* EXERCISE DIRECTIONS *
Only an exact repetition of the lines from the one holding "LUXE organický náhrdelník s otevřeným kruhem" to the end of the data is wanted, with pictures left out.

* INFORMATION SUPPLIED *

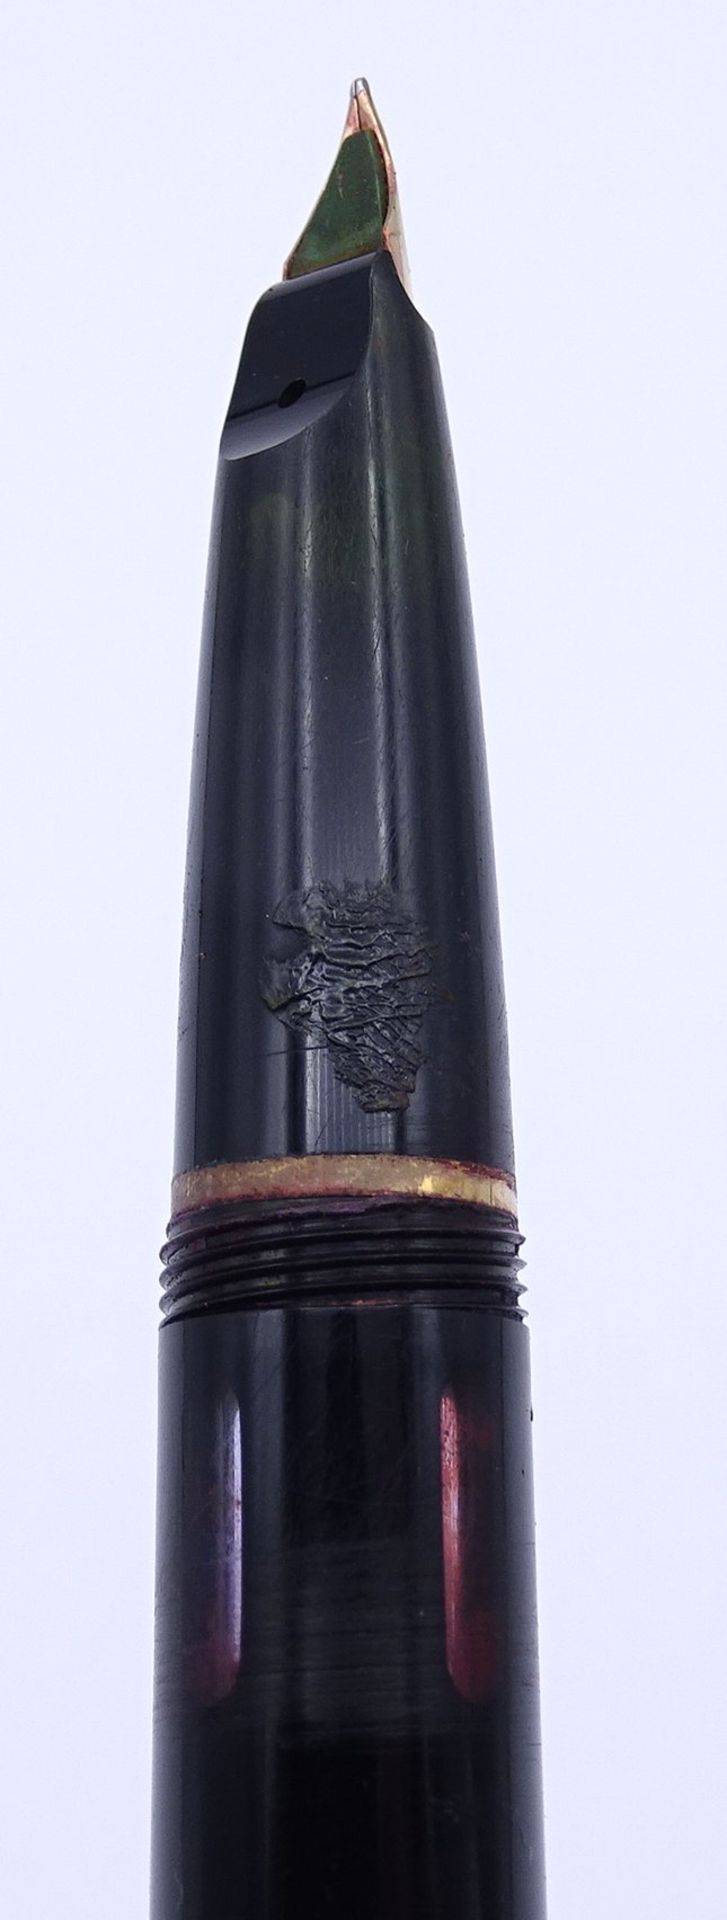 Lamy 27 Füller, GG Feder 0.585, EF, L. 13,3cm, Alters- und Gebrauchsspuren - Image 4 of 8
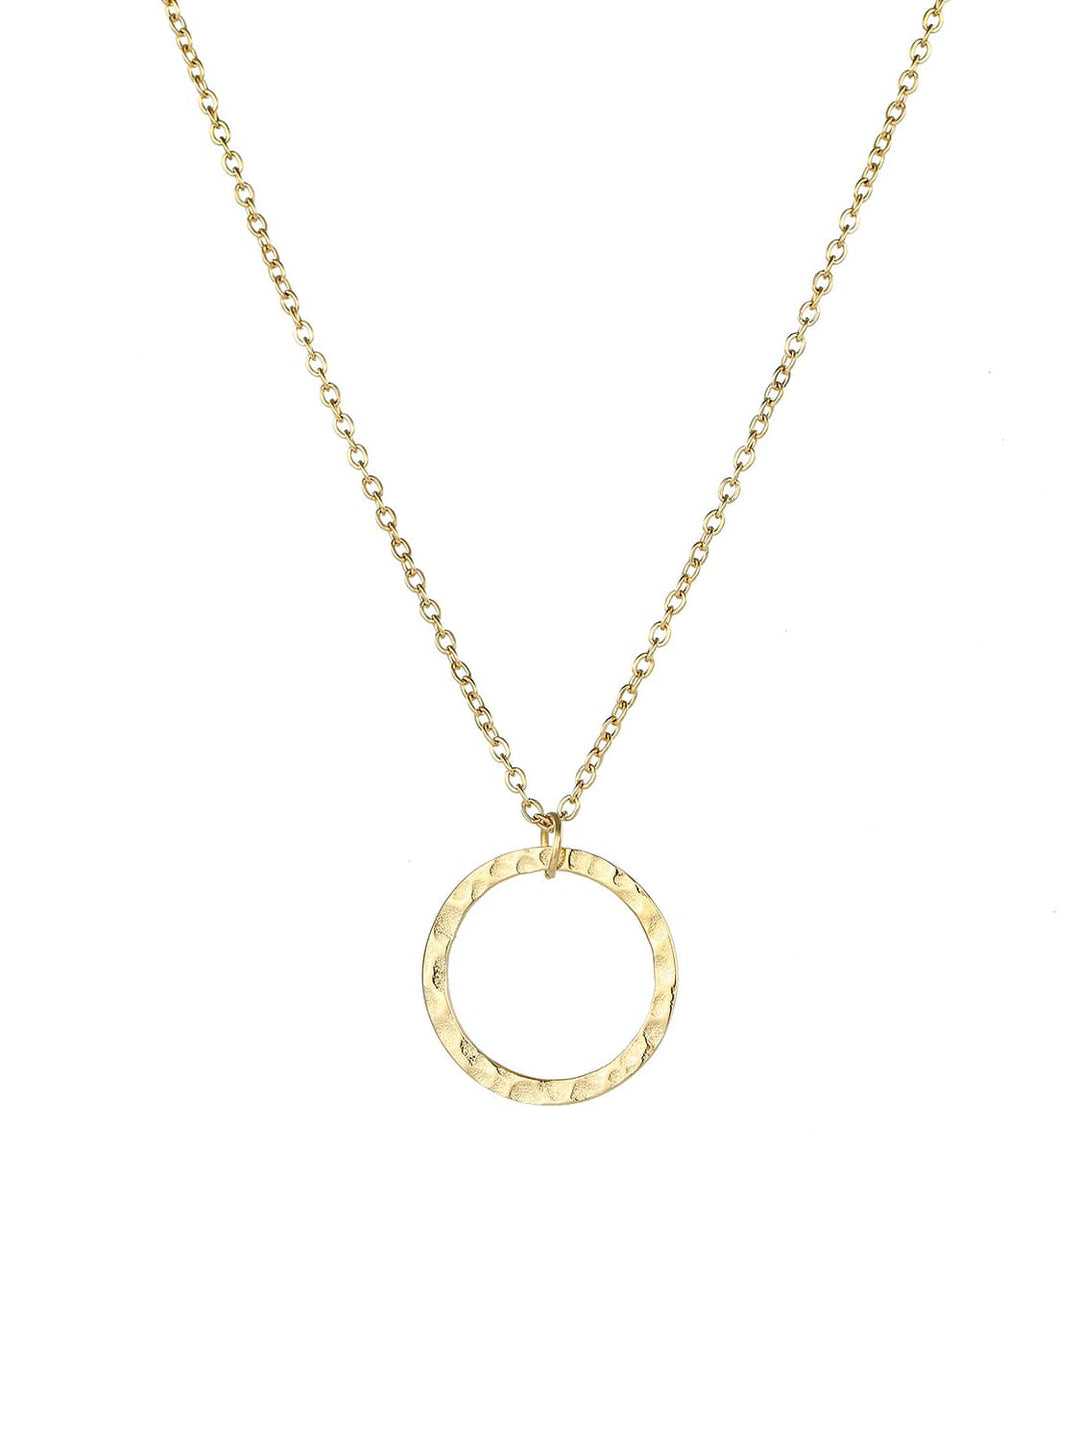 LUXE organický náhrdelník s otevřeným kruhem
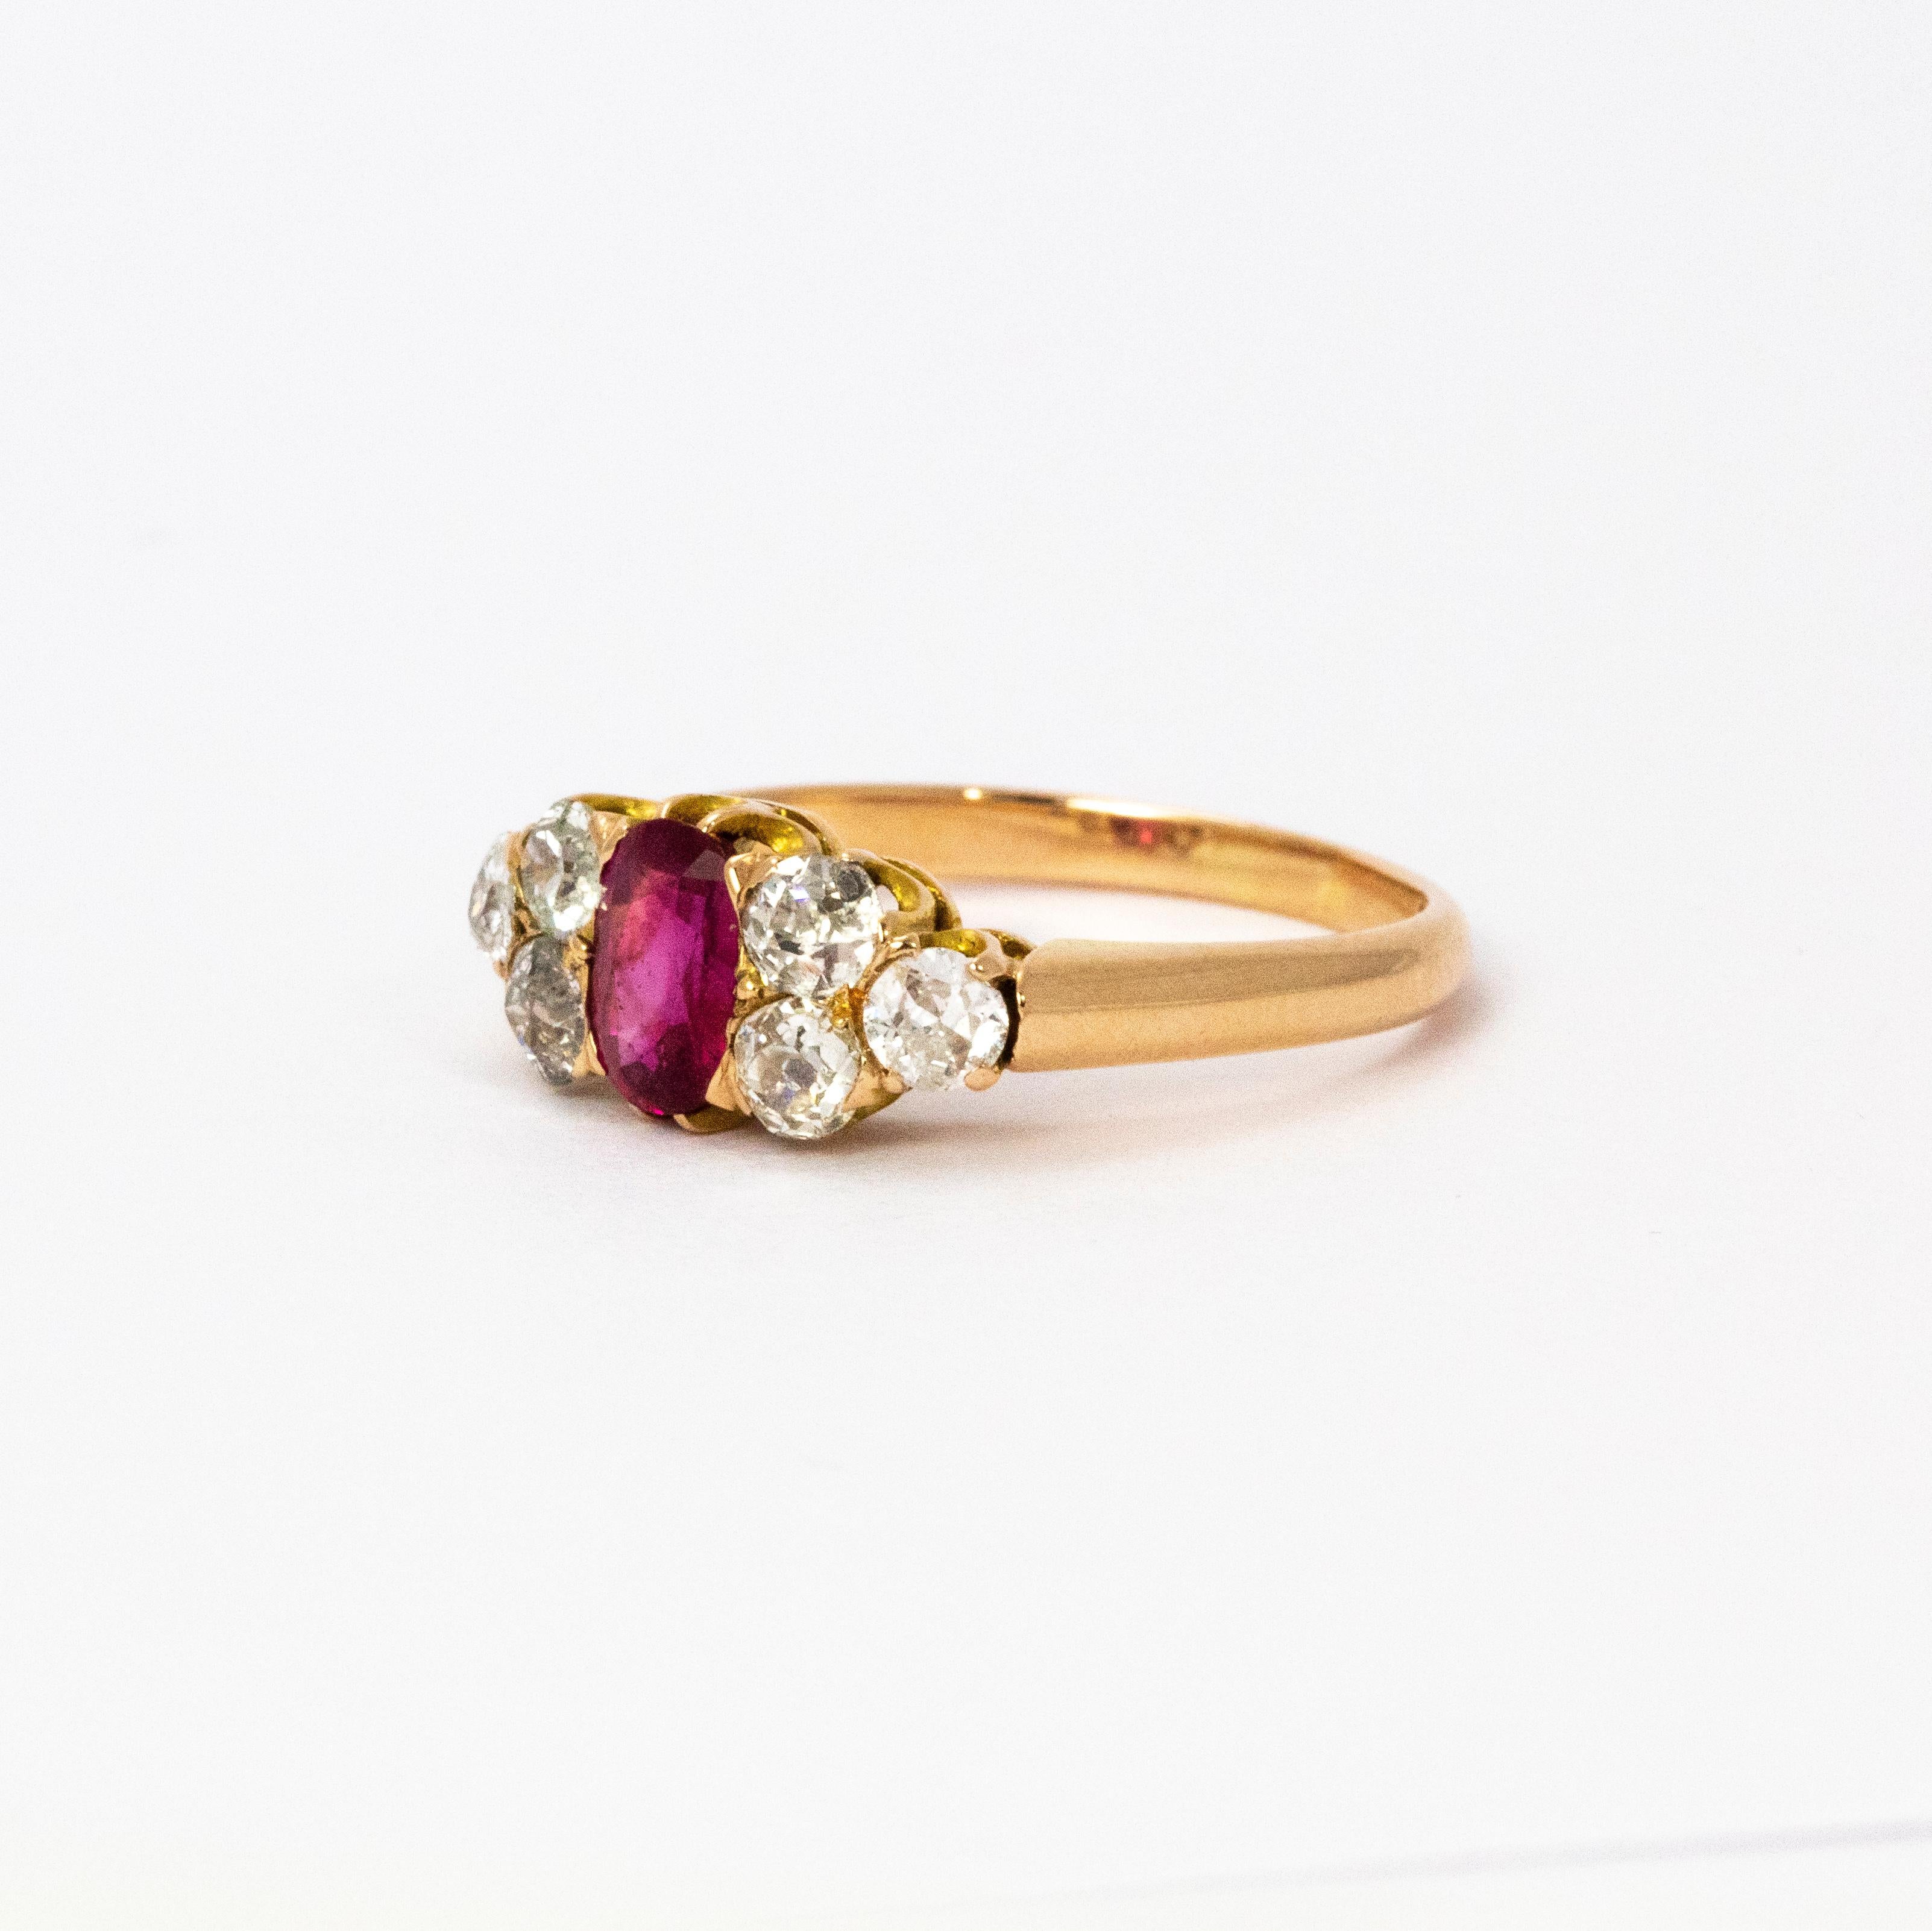 Ein schöner spätviktorianischer Ring, in der Mitte besetzt mit einem atemberaubenden Rubin, der etwa 65 Punkte misst und eine tolle rosa Farbe hat. Auf beiden Seiten sitzt ein Trio von Diamanten im alten europäischen Schliff mit insgesamt 90

* EXPECTED ANSWER *
 LUXE organický náhrdelník s otevřeným kruhem
 Ein schöner spätviktorianischer Ring, in der Mitte besetzt mit einem atemberaubenden Rubin, der etwa 65 Punkte misst und eine tolle rosa Farbe hat. Auf beiden Seiten sitzt ein Trio von Diamanten im alten europäischen Schliff mit insgesamt 90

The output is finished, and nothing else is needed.